Home > Vol. 78 > Issue 78:4 > That Is What We Said, but This Is What We Meant: Putting the Meaning Back into Use-of-Force Legislation

That Is What We Said, but This Is What We Meant: Putting the Meaning Back into Use-of-Force Legislation

Daniel George · June 2010
78 GEO. WASH. L. REV. 942 (2010)

Consider: The President takes the country to war following a devastating terrorist attack on U.S. soil.  Congress quickly grows frustrated with the progress of the war and the perceived threats to civil liberties arising out of the acts that the President is taking pursuant to the power granted to him to respond to the attack.  As a result, many in Congress want to amend the original grant of authority to make it clear that the President does not have the power to conduct military tribunals or warrantless wiretapping programs.  But Congress is closely divided—fifty-two Democrats to forty-eight Republicans—and any bill amending the original grant of authority will surely face an Article I presidential veto.

Sliding the provision into a spending bill could work, but the President might veto that as well, both defeating Congress’s attempt to rein in the President and preventing money from getting to the troops, who are understaffed, underfunded, and overworked.  Should Congress act knowing that the bill will be vetoed, or should it pull the bill from consideration and move on to other legislation, ending a highly publicized and important public debate on contentious issues?

The United States Supreme Court in Youngstown Sheet & Tube Co. v. Sawyer set forth the framework by which the constitutionality of presidential action is to be measured.  A critical question in any Youngstown analysis is whether Congress, explicitly or implicitly, supported the actions of the President.  In analyzing this question, courts have typically looked at existing laws enacted by Congress and signed by the President on the subject matter related to the relevant act.  Less frequently, courts look at legislative history, or the lack thereof, to determine the will of Congresses, past and present.  Of course, Congress, together with the President, can generally authorize or reject an executive act or program via legislation.

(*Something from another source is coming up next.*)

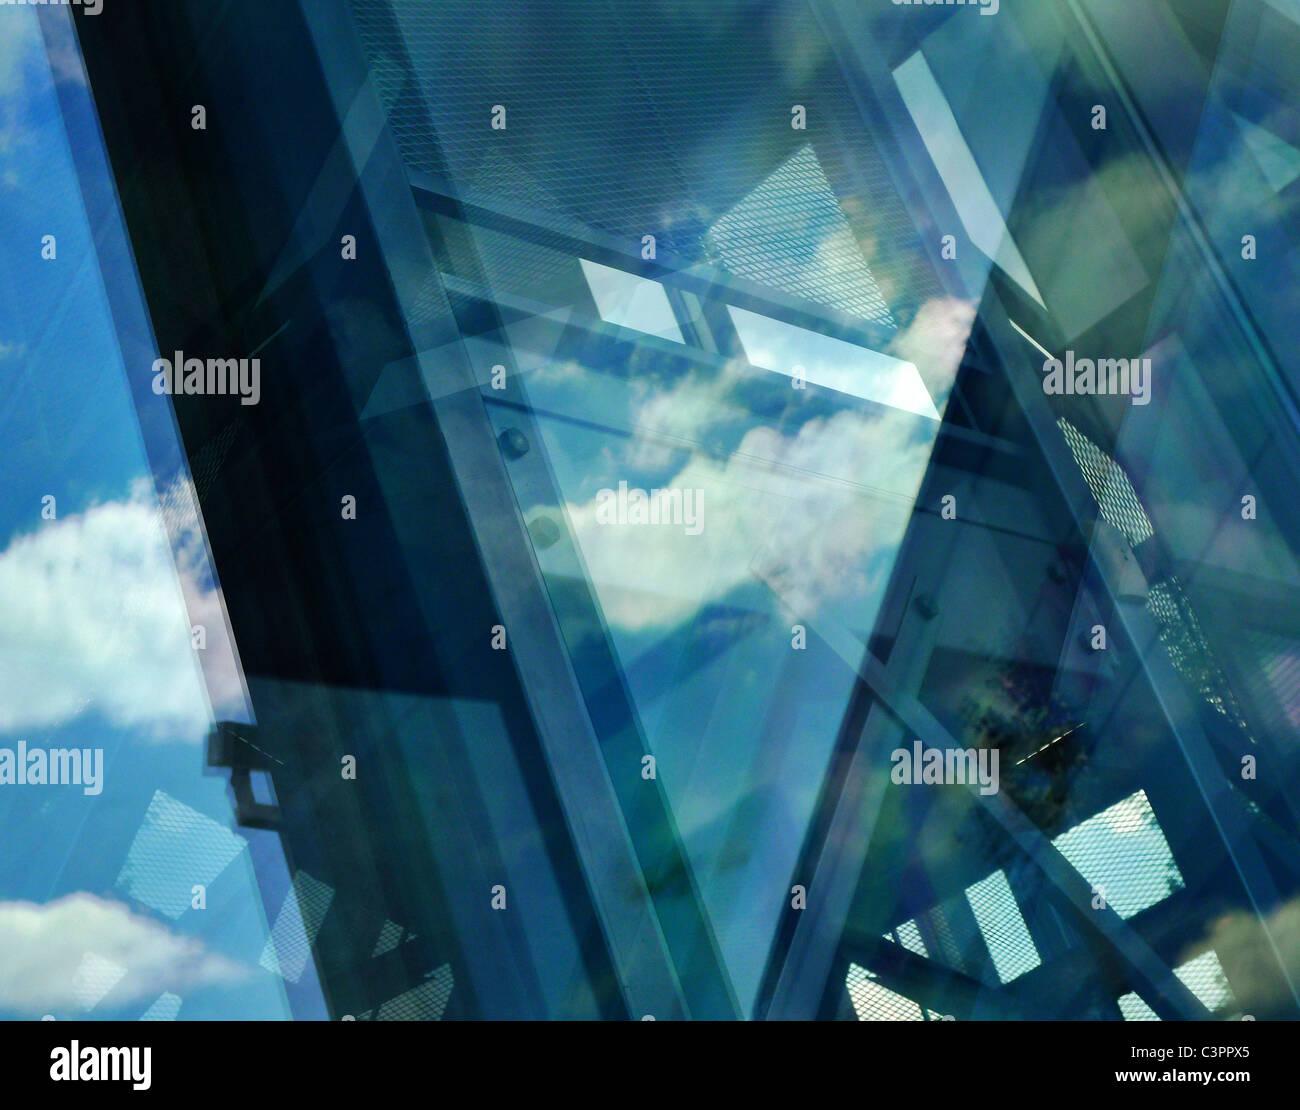 Abstract che riflette la composizione architettonica. Immagini Stock
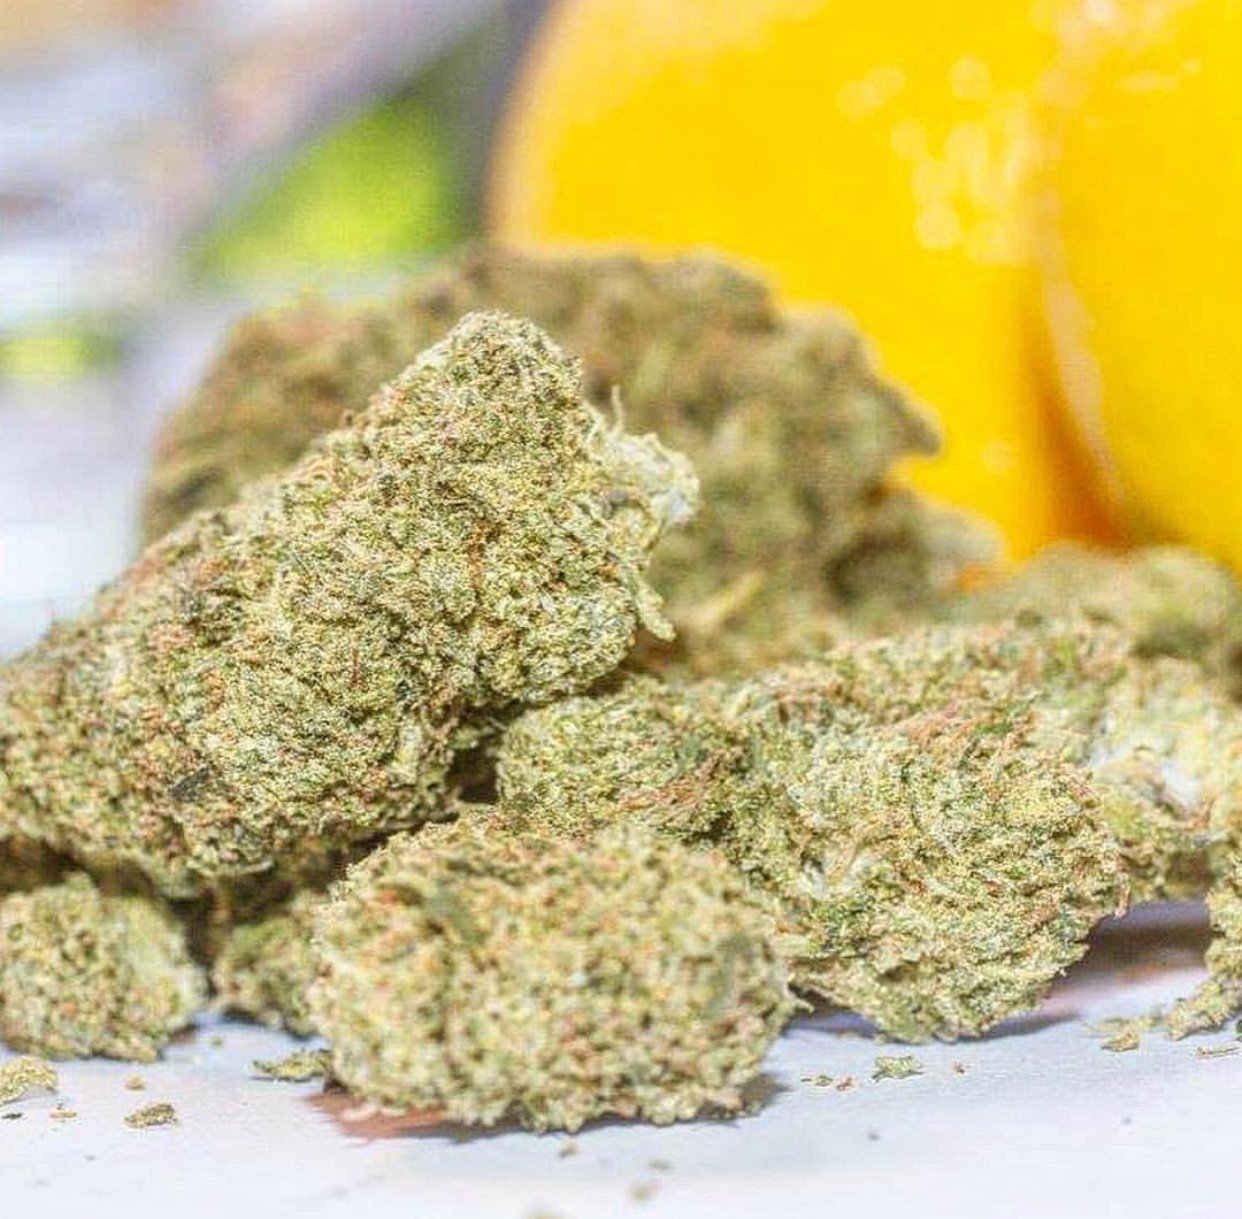 Lemon Kush Product image

This Note argues that, for both separation of powers and, to a limited extent, public policy reasons, when determining the will of Congress in a Youngstown analysis, a court should look to bills that sought to clarify an existing, vague grant of presidential power, but that, after passing both houses of Congress, were vetoed by the President.  These bills would not carry the force of law, in that they would not legally preclude the President from acting, but would instead be a tool for courts to use in scrutinizing the actions of the President.  Such bills are likely a more reliable source in determining congressional will than both older existing statutes and legislative history because of the process that a bill must go through to pass through both chambers.  Though this proposal sounds like an impermissible legislative veto, as proscribed by INS v. Chadha, it is not because the bills are tools for a court, not binding directives to the President.  Part I of this Note explains the implications of the Youngstown Supreme Court case.  It also analyzes other cases where courts have relied on old statutes, legislative history, or silence to determine the will of Congress.  Part II establishes the problem inherent in vague grants of power by analyzing the recent perceived abuses of presidential authority in the War on Terror.  It goes on to highlight some instances of congressional acquiescence to presidential veto threats, illustrating how congressional will can be overcome by unilateral presidential action.  Additionally, Part II briefly mentions a specific instance of after-the-fact legislative history-making to show the dangers of relying on a bill’s history to determine Youngstown constitutionality.  Part III argues that courts should look to bills passed by both houses but vetoed by the President when seeking to determine congressional will.  Part IV addresses alternatives and explains why they are insufficiently effective in this context.  It also anticipates potential problems with the proposal, including concerns about the Presentment Clause and the legislative veto.  Finally, Part V argues that there are inherent safeguards in the proposal that prevent it from being misused, and that it aims to reinvigorate the Founders’ notions of separation of powers.